Secondly, there are absolutely times when something that is conceptually easy to describe is a real beast to model in a type system. Think DSLs for SQL, for example. A non-trivial amount of time can be lost fighting these battles.

That's because some of the cost you pay by changing the way you think so that it doesn't even occur to you to write programs that the type system won't like.

They can also be more difficult to refactor and adjust at a later date. This can be especially problematic if you're in an environment where logic needs to be altered rapidly in response to changing external conditions/requirements.

The added "difficulty" is just the cost of doing a proper, correct refactor.

Dynamic languages are not helpful just because they let you write bugs faster.

I wouldnt even call that difficulty. That is a bloody loved feature in my book

Developers are expensive though. If dynamic languages let you write buggy code in half the time that it would take to write perfect code in a static language, that would be an acceptable trade-off in many contexts.

> If dynamic languages let you write buggy code in half the time that it would take to write perfect code in a static language, that would be an acceptable trade-off in many contexts.

Shit at 50% off is still shit. You're not being paid to produce shit, even if you might be really, really efficient at doing so.

I assure you that many developers are being paid to produce shit.

Fixing bug later on get progressively more expensive, I though we had got over the KLOC metric decades ago.

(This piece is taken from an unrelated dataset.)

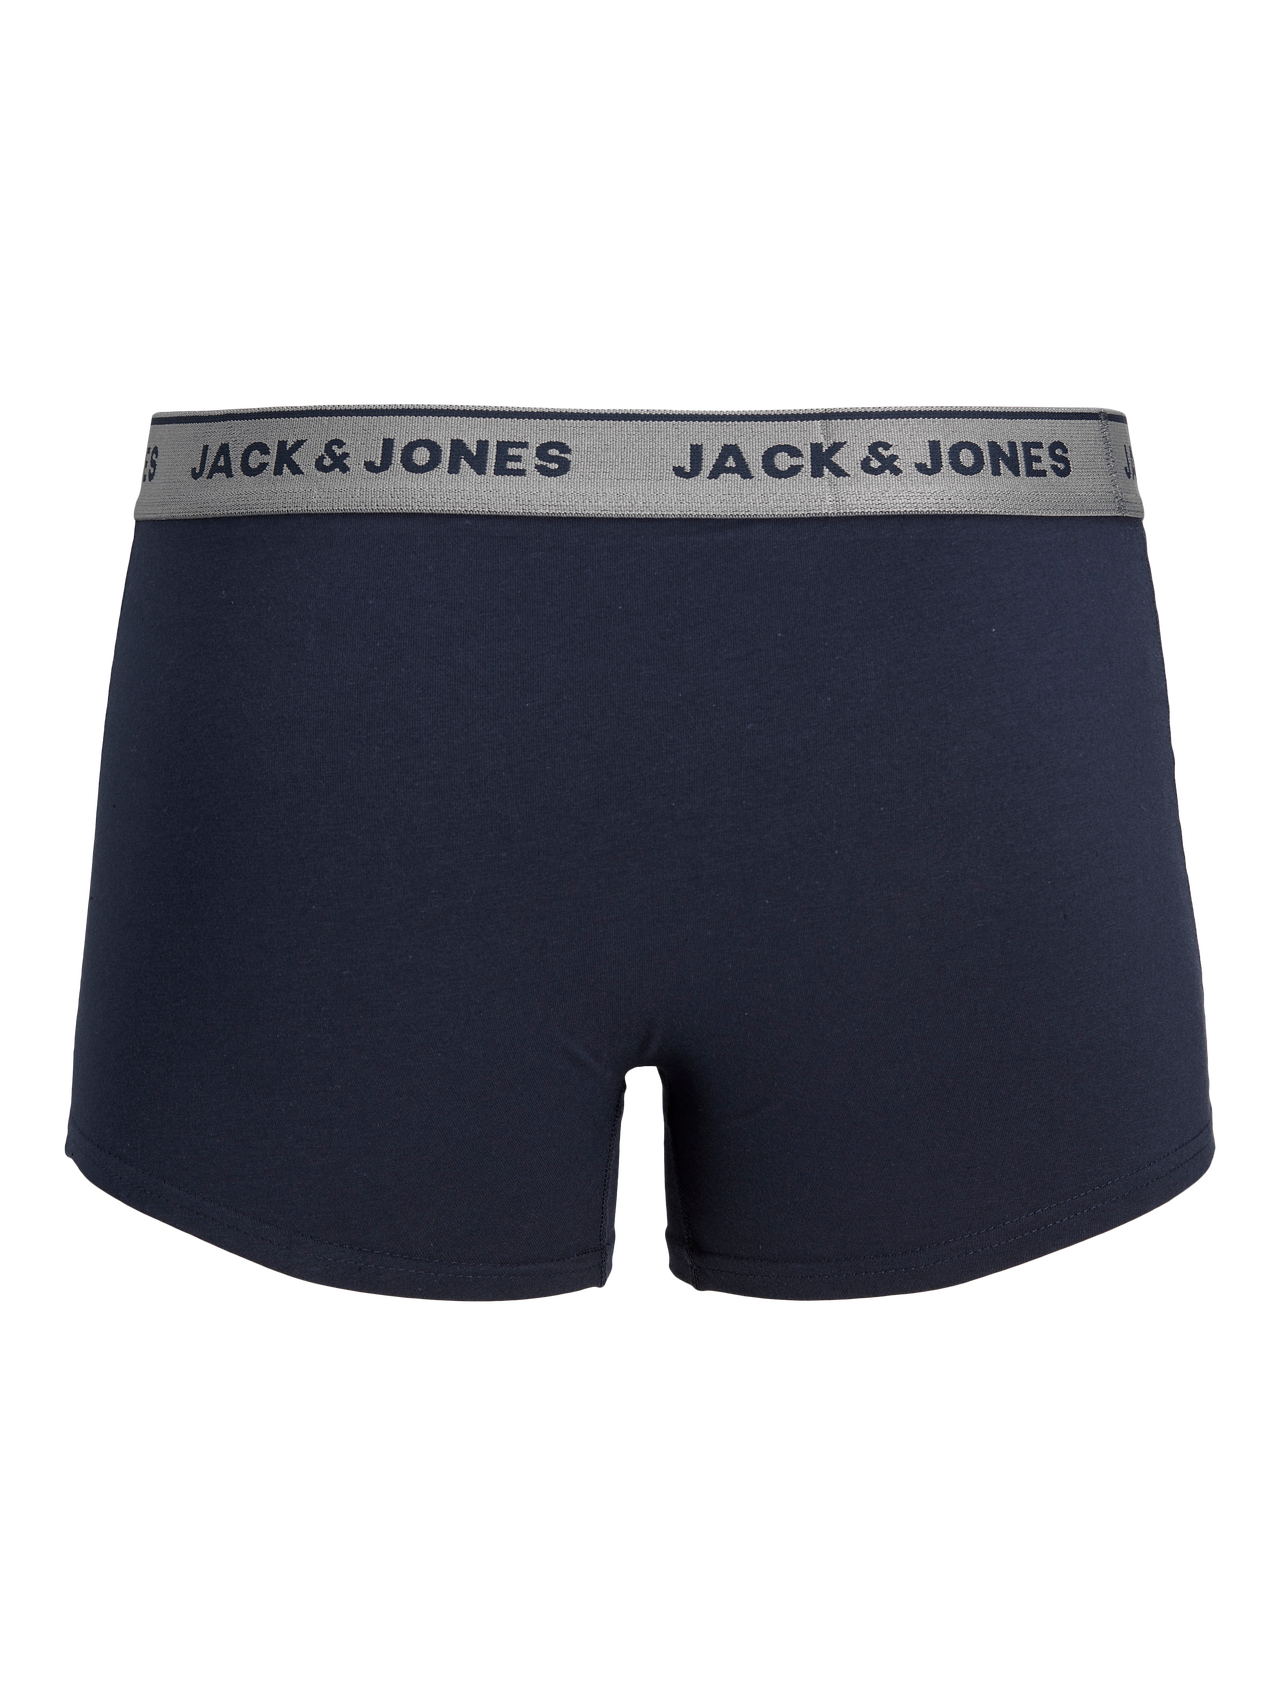 Jack & Jones 2-pakuotės Trumpikės -Navy Blazer - 12138239

Can you give some examples why - do you mean changing a variables type? that should jut be a matter of a find and replace.

That's because you (and many others) are drinking the static typing koolaid

Now try serializing things in XML instead of JSON. But not one type of message, multiple types, with flexible formats.

"Oh but this never happens" except it does.

Not to mention the iteration speed whenever you need to fix something.

?? sorry what do you mean, I was happily reading multiple types of logs with multiple different format records for a Billing system using statically typed PL/1G in the 80's

Apart from both json and XML are a PITA to work with in the first place

JSON is wonderfully simple to work with - in a dynamic language. Having to map it to a statically known schema, as you would in a statically typed language, loses that simplicity and can be, as you say, a PITA.

I think that's a defect of JSON not statically typed languages.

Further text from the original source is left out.